Dominique Desseigne, who owns a chain of luxury hotels, restaurants and casinos, says he briefly dated Ms Dati while she was justice minister.
But he insists he could not have fathered her three-year-old daughter.
He cannot be forced to take the test but the court may interpret a refusal as proof he is the father and liable.
Appointed by former conservative President Nicolas Sarkozy, Ms Dati was the first Muslim woman to serve as a government minister in France.
The wrangle over her child is the latest to cast light on the sexual antics of French politicians, once a taboo subject.
Ms Dati, 46, gave birth as a single mother on 2 January 2009, without naming the father of her child.

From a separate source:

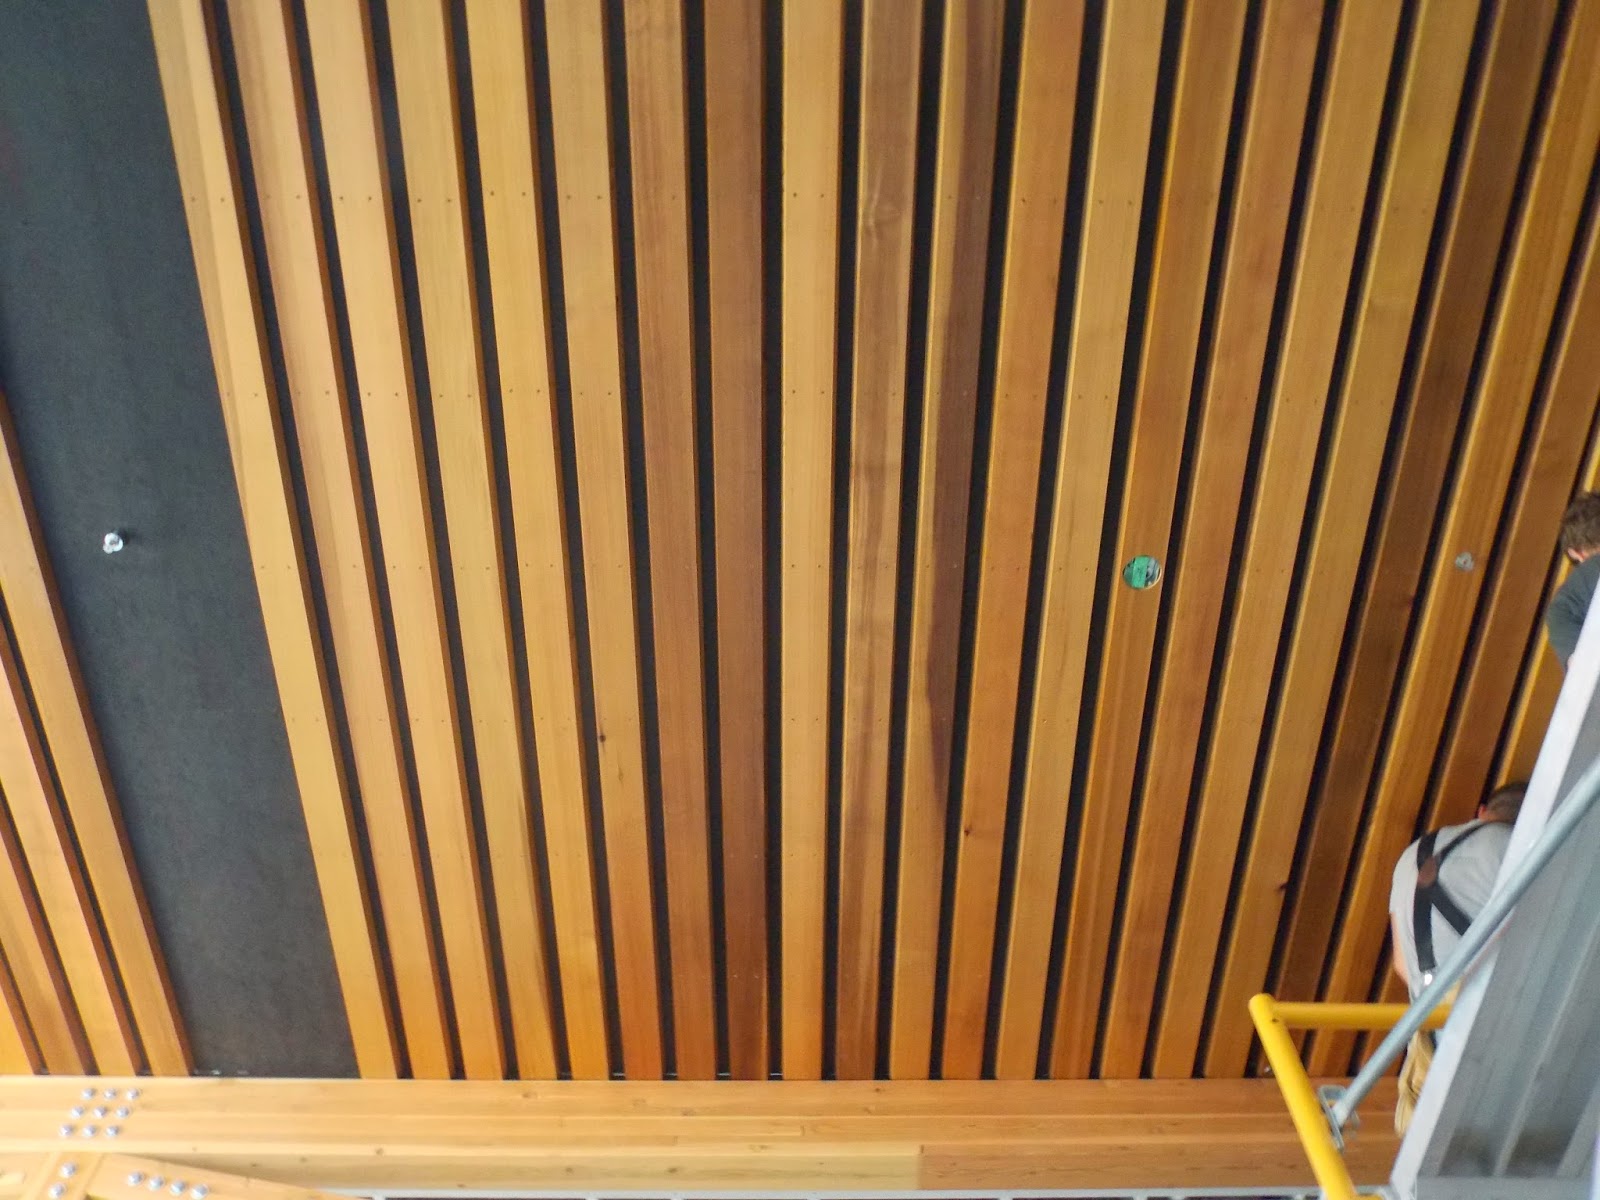 Studio 804 Cedar Plank Ceiling Installation

She took the case against Mr Desseigne to a court in Versailles to try to make him accept paternity.
Friends of Mr Desseigne quoted by French newspaper Le Monde said Ms Dati had sent him letters offering to settle the case out of court.
The friends said he had holidayed with her in Mauritius at the end of 2007 but that the relationship ended in February 2008 with him having made clear he did not want to have a child with her.
According to Le Monde, the businessman's lawyer intends to argue that his client could not have been the father and that Ms Dati had other lovers around the time of the conception.
Speaking to the newspaper himself, Mr Desseigne, 68 and a widower, said he had always acted "correctly" and had nothing to reproach himself about.
He owns the celebrated Champs-Elysees restaurant Fouquet's and his business empire also includes 37 casinos, 15 luxury hotels and 130 restaurants and bars, with a turnover of nearly 1.1bn euros (£0.9bn; $1.4bn) last year.